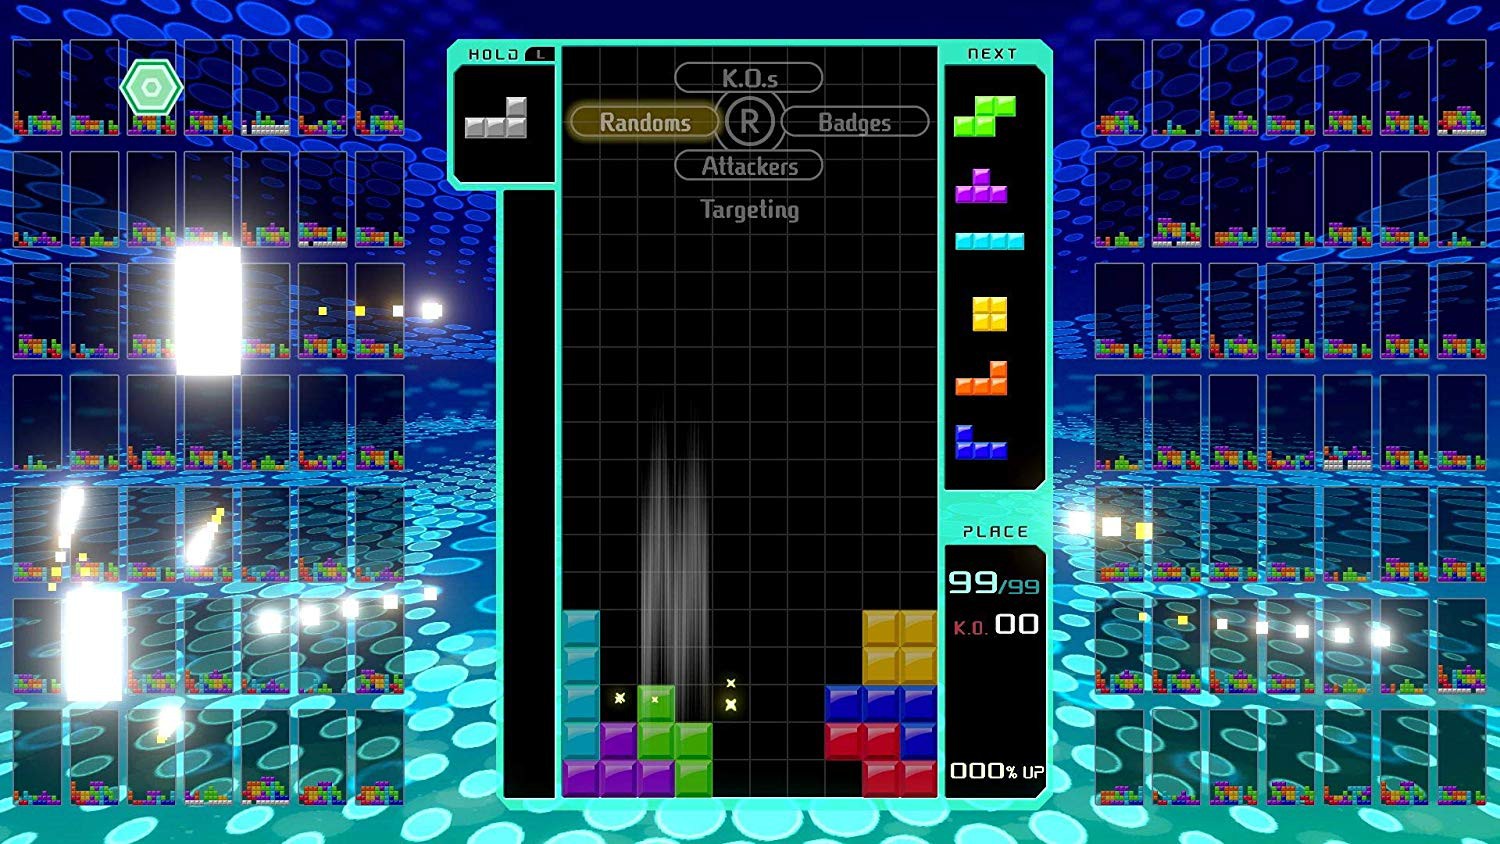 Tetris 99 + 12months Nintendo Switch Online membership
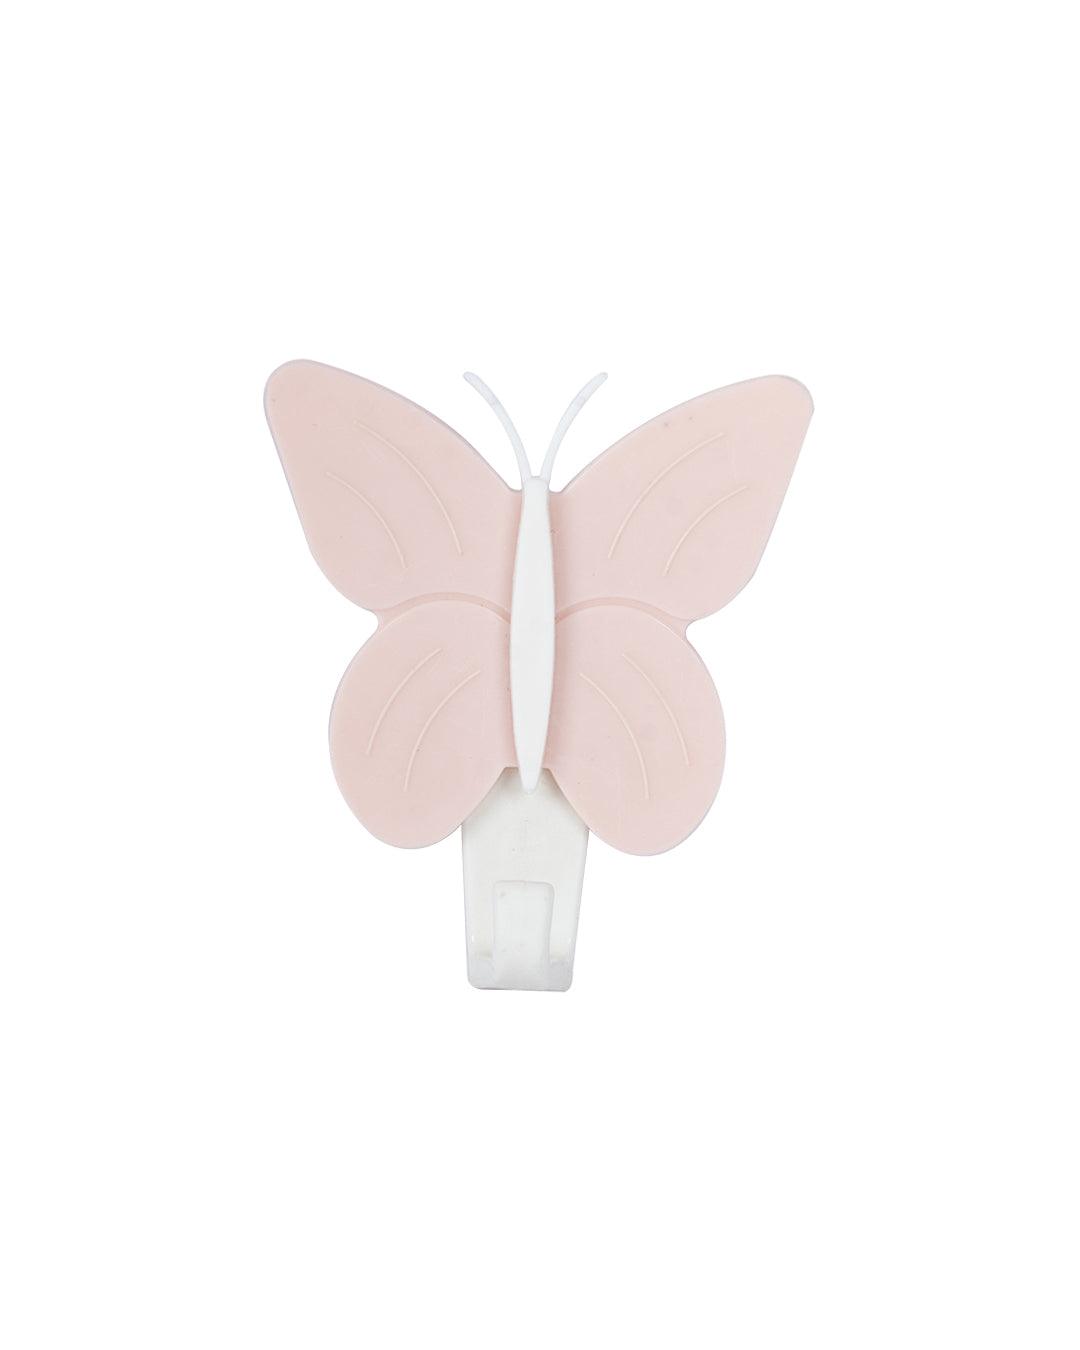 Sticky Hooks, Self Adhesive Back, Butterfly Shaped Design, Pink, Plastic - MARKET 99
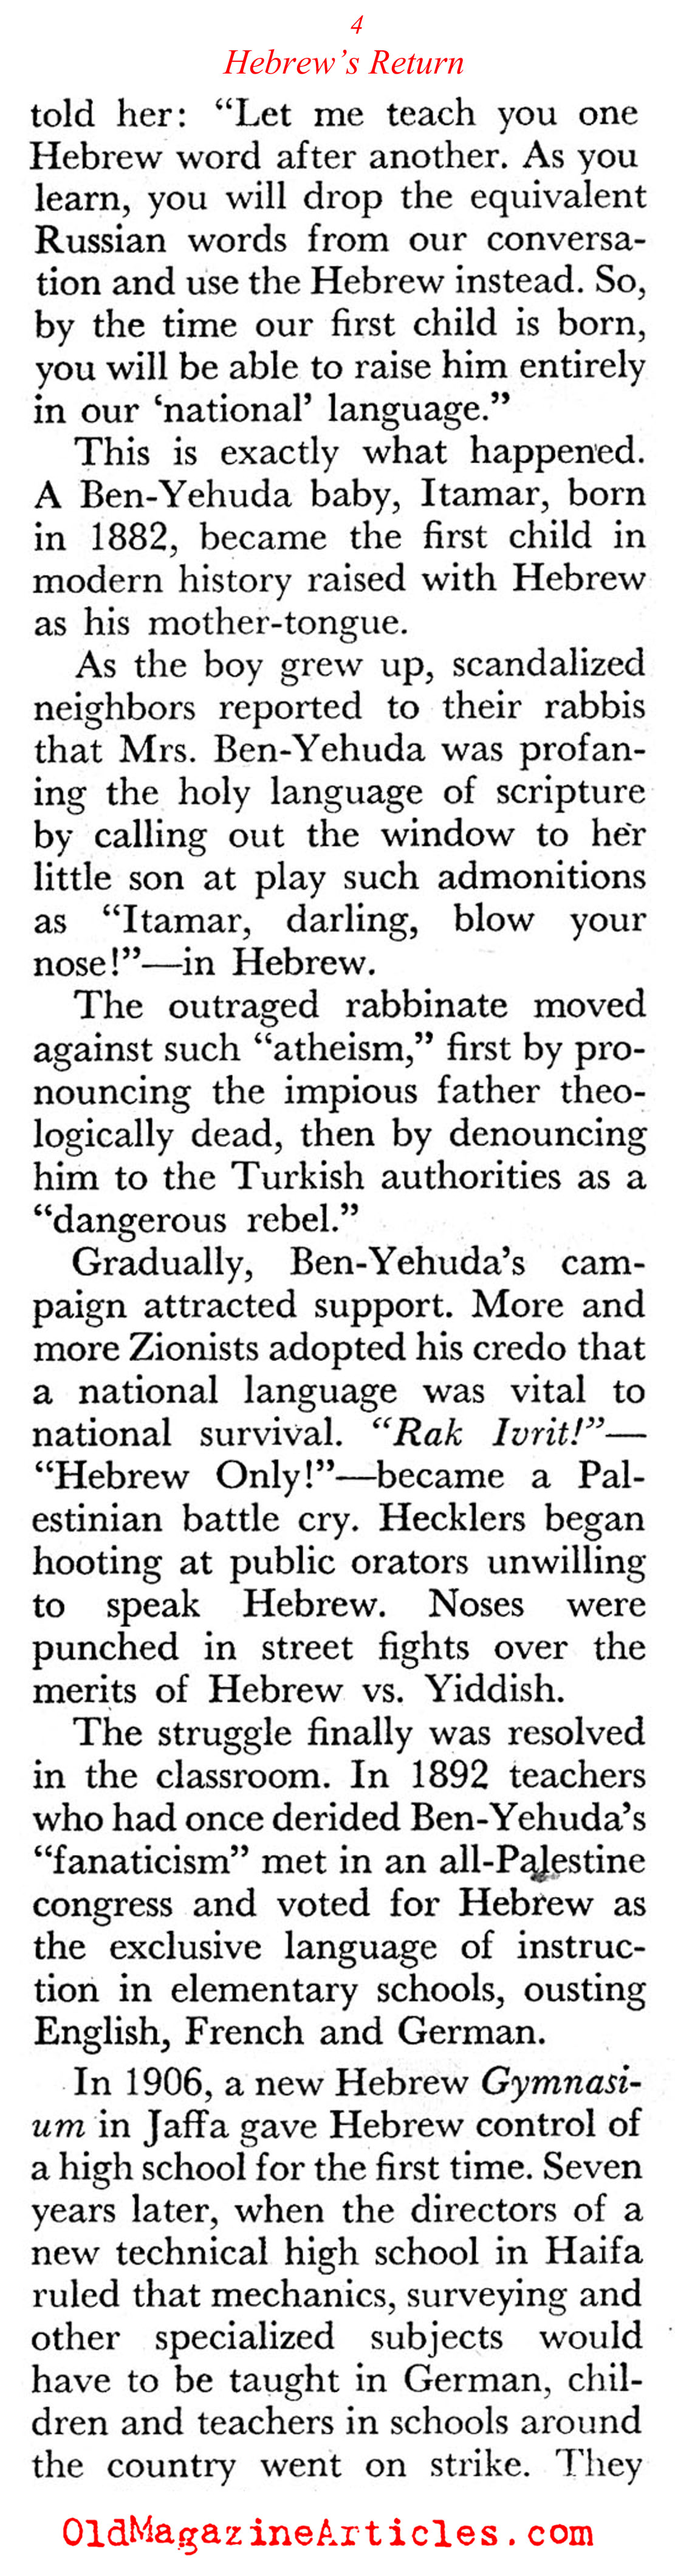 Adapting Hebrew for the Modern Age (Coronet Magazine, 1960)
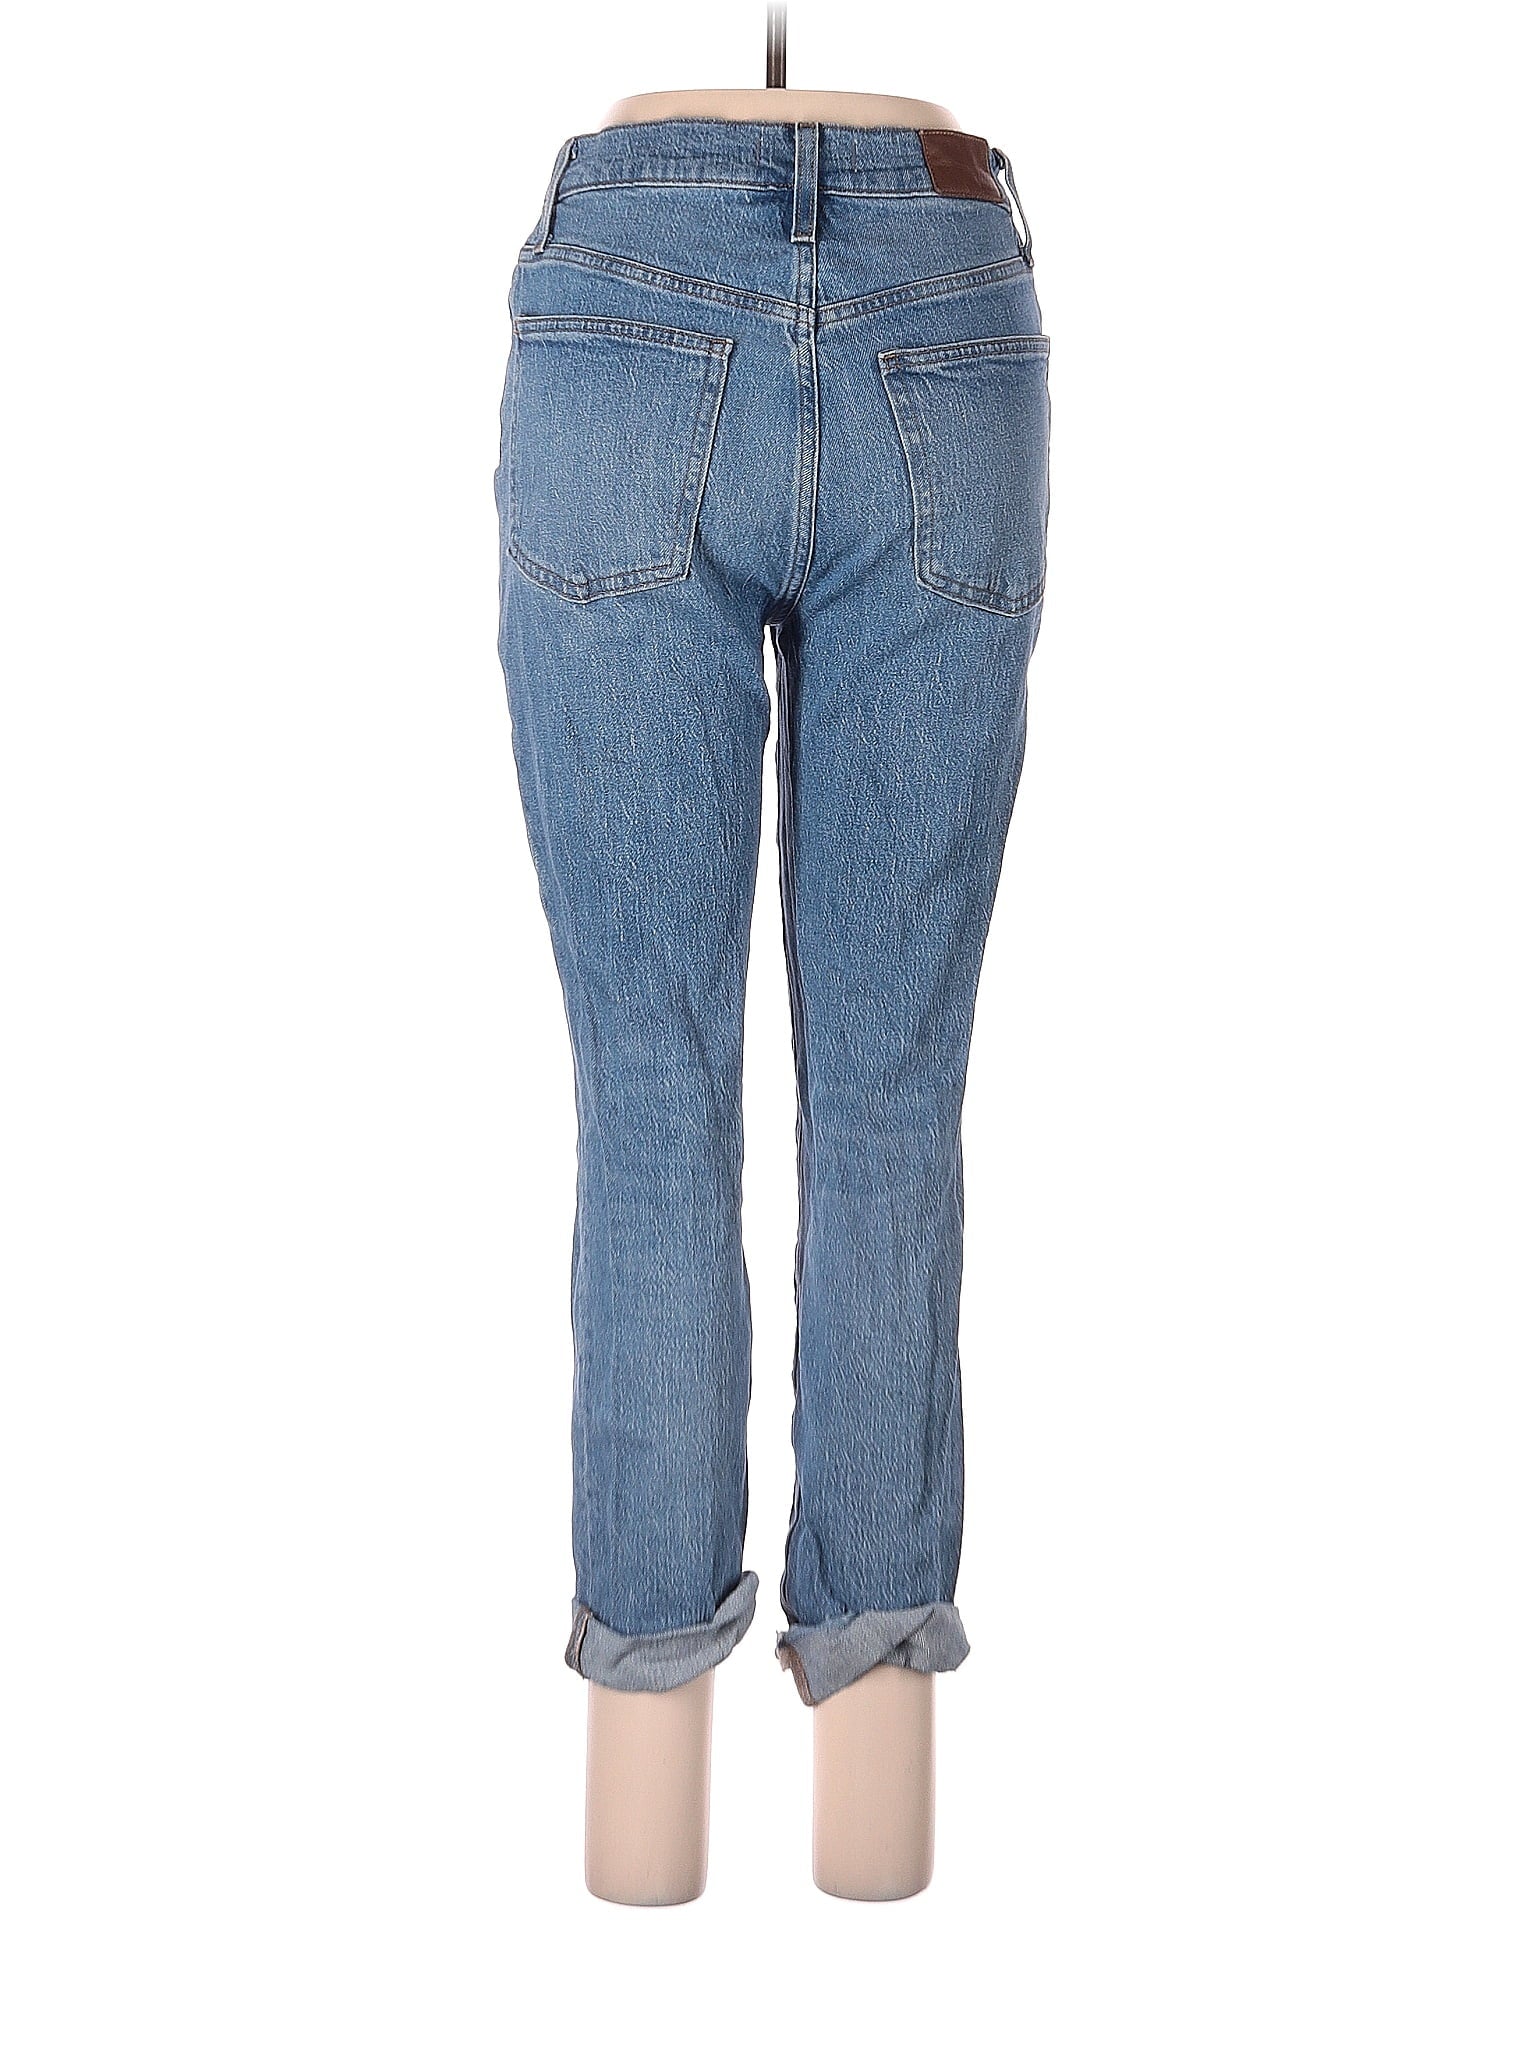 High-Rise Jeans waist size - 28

::::::::

_WHAT TO DO:_
Print the material in full and exactly, minus the pictures.

_WRITTEN ANSWER:_
 Tetris 99 + 12months Nintendo Switch Online membership
 Sticky Hooks, Self Adhesive Back, Butterfly Shaped Design, Pink, Plastic - MARKET 99
 Adapting Hebrew for the Modern Age (Coronet Magazine, 1960)
 High-Rise Jeans waist size - 28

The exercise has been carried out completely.